Thursday 16 April 2009

Caithness, Culloden and friends

We stayed in the hotel but my sister-in-law and family stayed in Scrabster - perhaps I should say above Scrabster - a lovely house perched on the highest, windiest cliff overlooking the harbour and out across Dunnet Bay. As we drove in and out of Scrabster we looked across the fields towards the Orkneys. It was fascinating because every time we passed by, the quality of the light was different. Sometimes the islands were invisible behind a wall of mist, sometimes they were sharp and clear.

The picture shows a medium clear day.


The day we drove south towards home was brilliant sunshine, too. We stopped off at Culloden. On the right is a picture of the battlefield, with a view across the Moray Firth to Ben Wyvis with patches of snow still clinging to the slopes. People tell me that the battlefield is a dour, atmospheric place, but on this day, in bright, breezy sunshine it was hard to conjure up any idea of a battle. There were more people in the Visitor Centre buying, eating, viewing the exhibits than doing the battlefield walk. We walked through the Centre and ate a scone and drank coffee on the back terrace, looking south. A farmer was busy ploughing. Seagulls scavened behind him.
On a rainy winter's day it may very well look and feel different.
Or it may be that people's imagination provides the emtional response - or the emotional response provides the atmosphere.
What do I remember of my first visit to Caithness? The flatness, the stone fences, and the wind. Gorse in bloom. Warm, friendly people who claim to be Wickers, ie from Wick, and have no truck with Gaelic and Jacobite woes. These people claim their heritage from the Norsemen, and are proud not to be of any clan.
Touring the delightful Castle of Mey and hearing stories of life as lived by The Queen Mother. Dinner parties that went on so late that she earned the nickname Midnight Moll. Her menu reminders, handwritten in French, propped up at her place at the dinner table, a kitsch Nessie touring around the top of the sixteenth century tapestry in the drawing room. Yes, I'd love the castle to be mine - but could I afford the central heating? Probably not.
Will I return to Caithness? Yes, I think so. We made some friends, have an invitation to go back and the place itself grew on me. So much still to see and explore.

4 comments:

Nicola Cornick said...

Lovely blog piece, Jen. For me, you really evoked the experience of being there. I visited Culloden on a rather dour day and didn't like it much. Mind you, that could have been down to the kitsch tour guides dolled up as Bonnie Prince Charlie! I think they have re-vamped the whole tourist experience since then! But I do remember that the atmosphere was very strong. Or you could be right - it might just have been my imagining of what had happened there that created such a strong emotional response in me. I've visited a lot of battlefields and some felt atmospheric, others less so. I remember going to Flodden on a beautiful sunny summer day and seeing the corn swaying in the breeze on what had been the battlefield.

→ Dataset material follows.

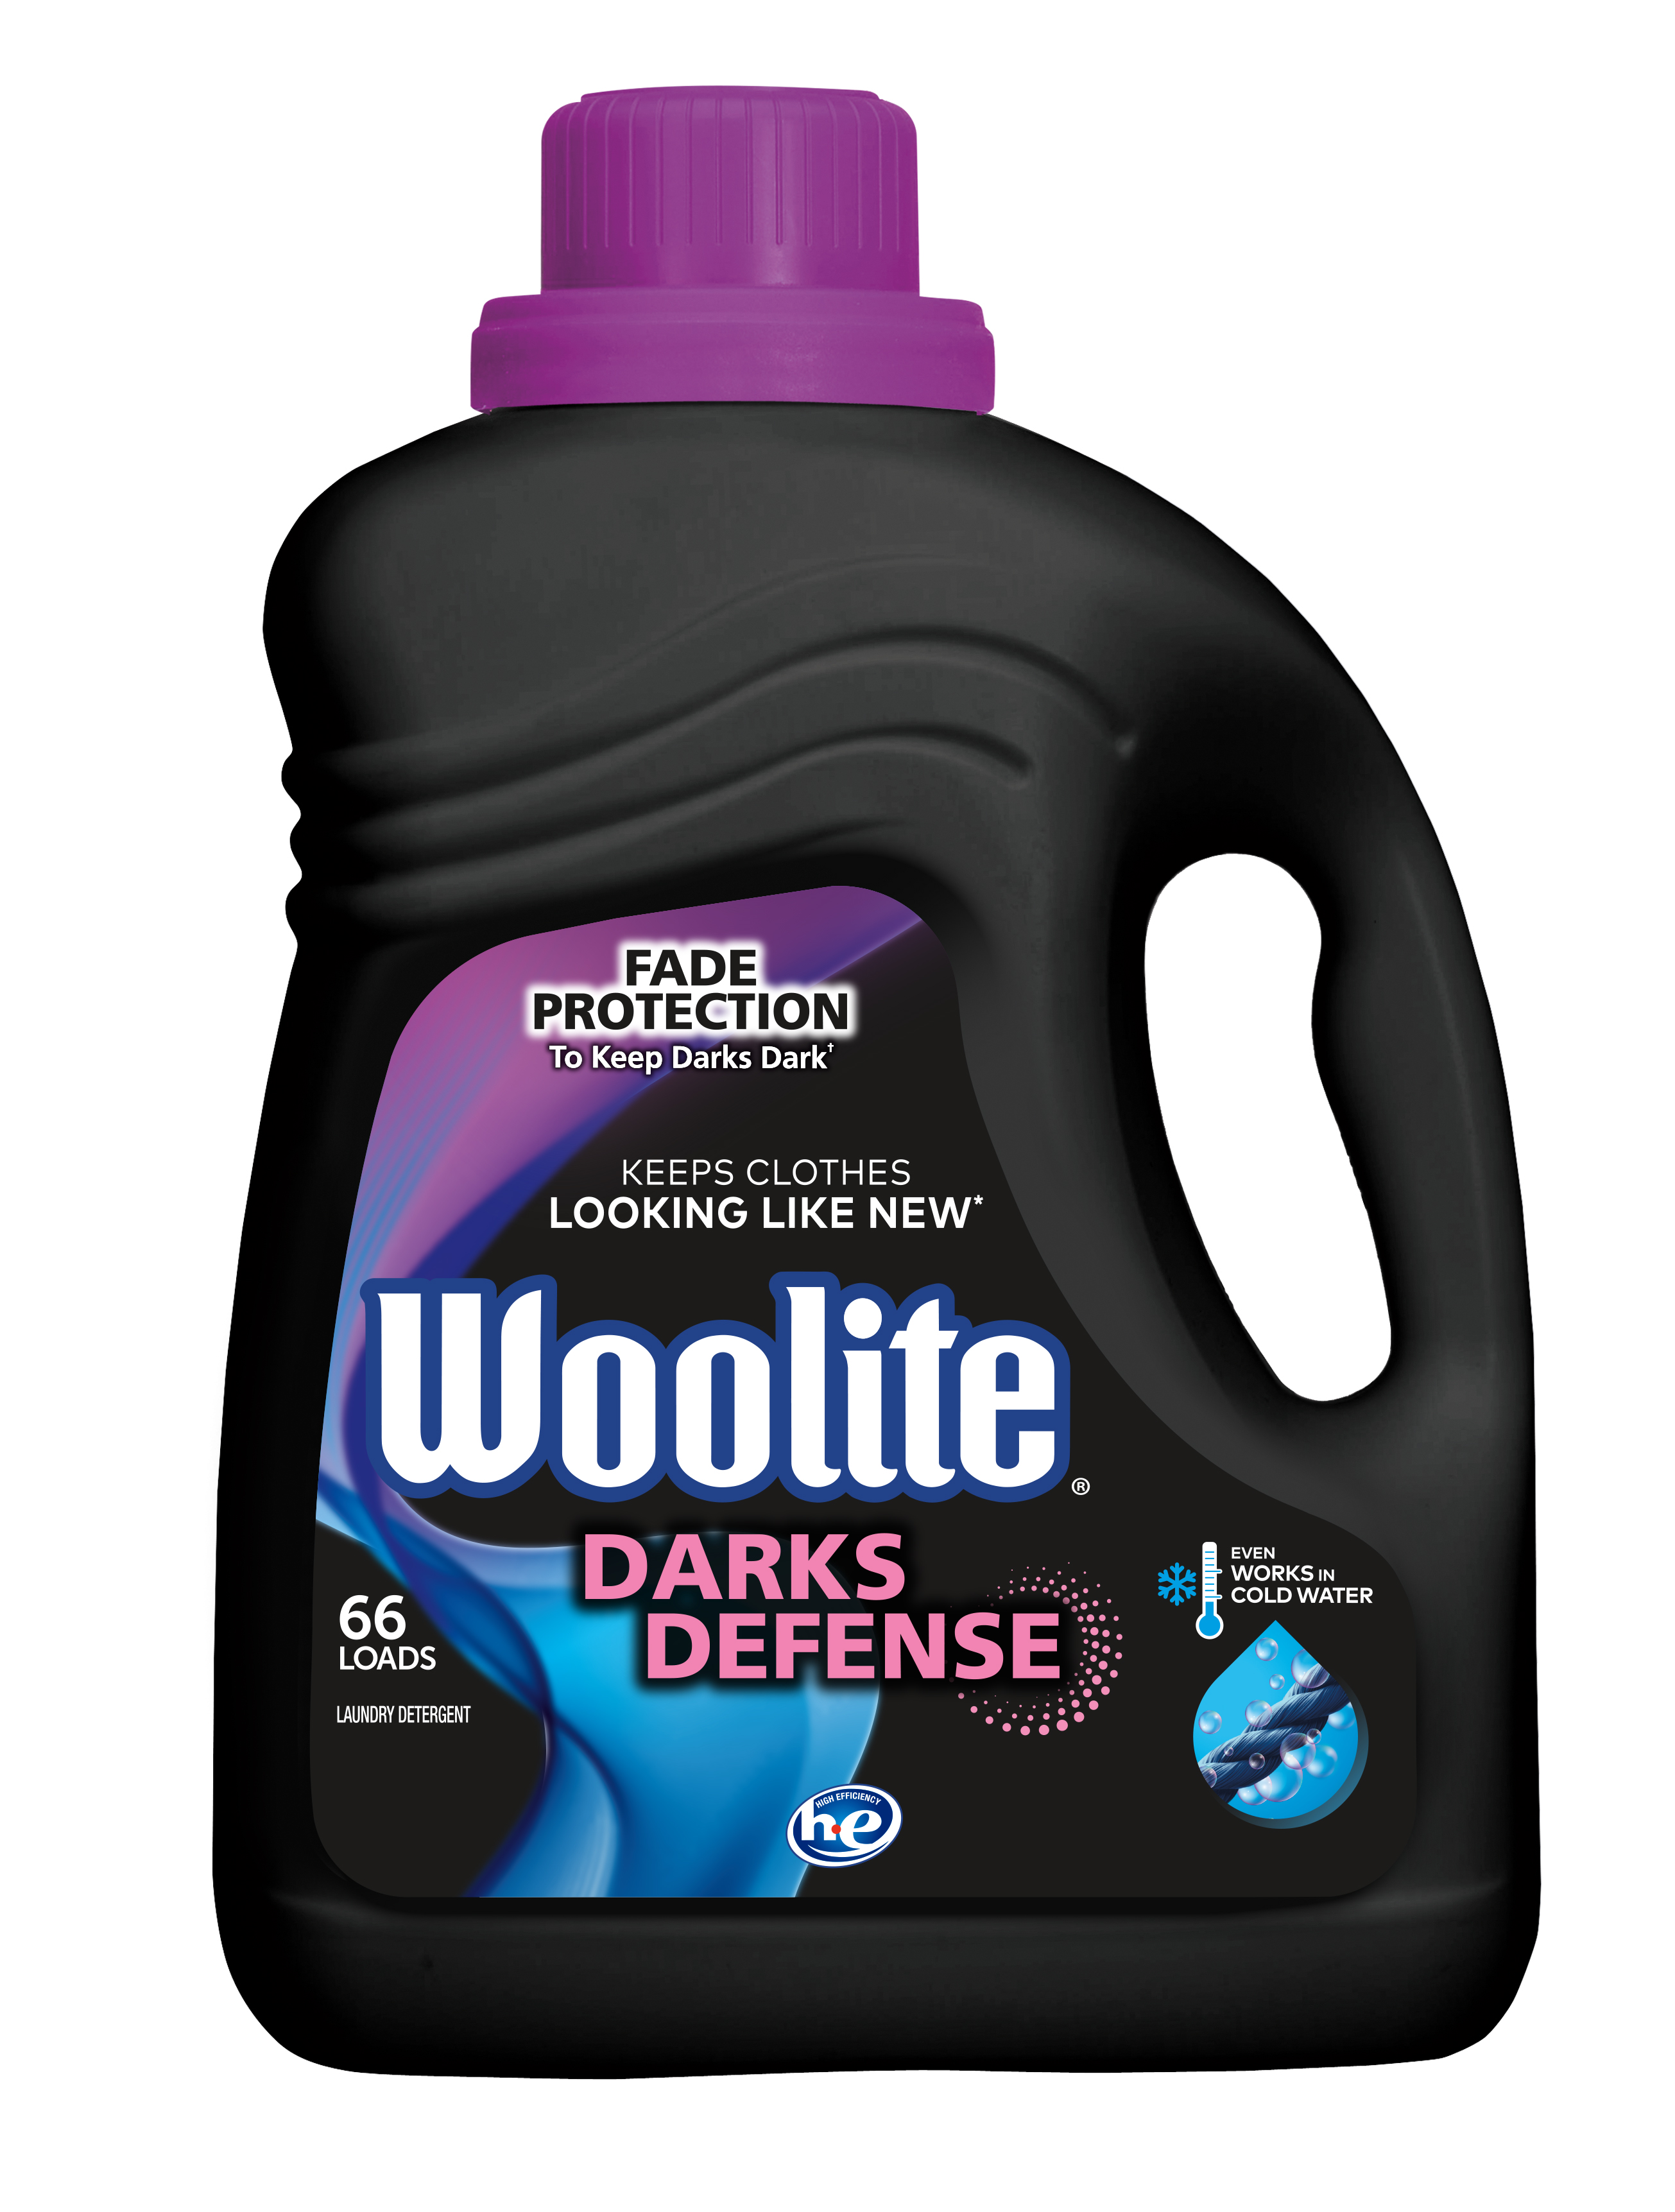 WOOLITE® Darks Defense Laundry Detergent

Also loved your description of the Castle of Mey. "Midnight Moll" - wonderful!

Jen Black said...

I'm so glad you found me, Nicola, and I know you adore Scotland. This was my first visit to Culloden, and I've still to visit Flodden although it is relatively close to me. You've reminded me of Bosworth...

Anna Louise Lucia said...

We used to visit friend on Orkney, once or twice, when I was a child. It's still to me a magical place, and the journey to it a magical journey.

I miss Caithness and Thurso, and all the memories they invoke. :-)

Hermitage is a fantastic castle - I love the way it just appears to have been dropped onto the barren landscape - no village around it, no market town in its shadow. Just wild and beautiful desolation. One of our favourite places.

Jen Black said...

Thanks for that Anna, - that is what makes Hermitage so threatening - that isolation. I imagine there might once have been a clutch of dwellings around it, when it was a centre of power guarding the border.